## Problem to solve
In the entries below, find the line with "Happy grandma and" and the line with "Ramon Horts Minimalist". Return those two lines and all lines between them, exactly.

## Data provided
■ ■ ■
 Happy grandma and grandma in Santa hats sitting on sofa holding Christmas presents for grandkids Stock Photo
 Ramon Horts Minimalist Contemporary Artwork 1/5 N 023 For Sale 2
■ ■ ■
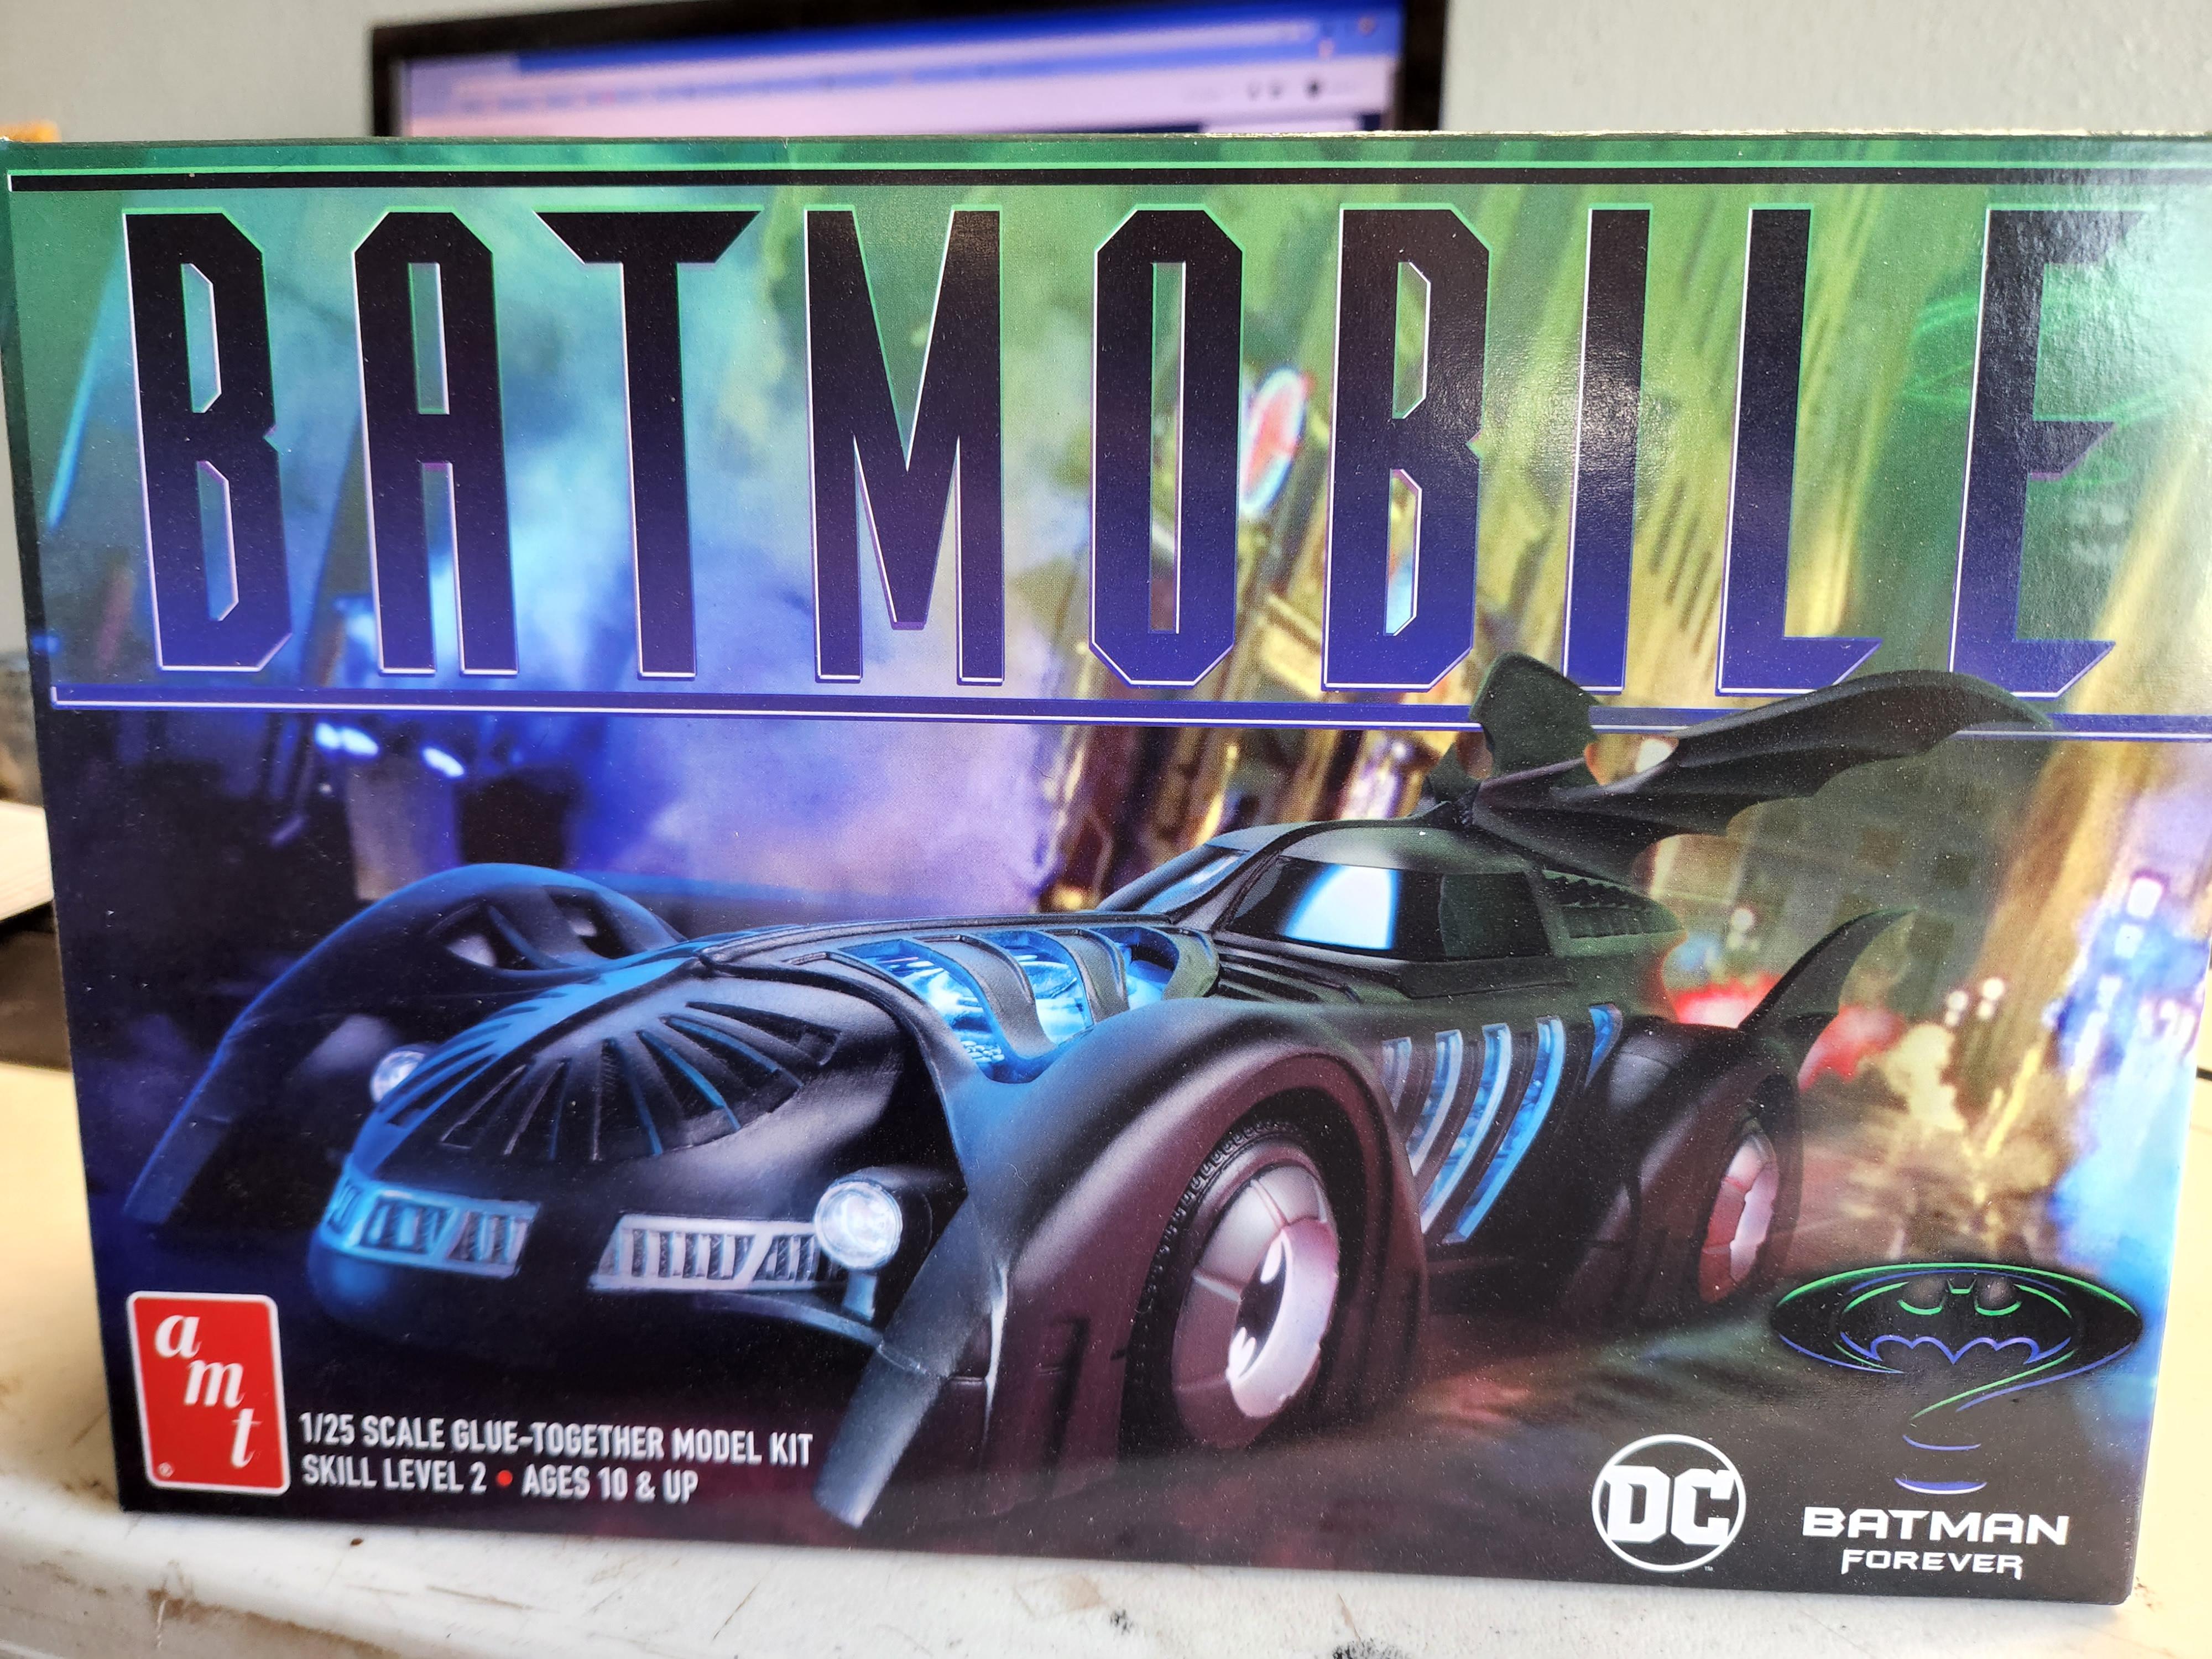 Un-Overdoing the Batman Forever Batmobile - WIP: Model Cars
■ ■ ■
## Output
 Happy grandma and grandma in Santa hats sitting on sofa holding Christmas presents for grandkids Stock Photo
 Ramon Horts Minimalist Contemporary Artwork 1/5 N 023 For Sale 2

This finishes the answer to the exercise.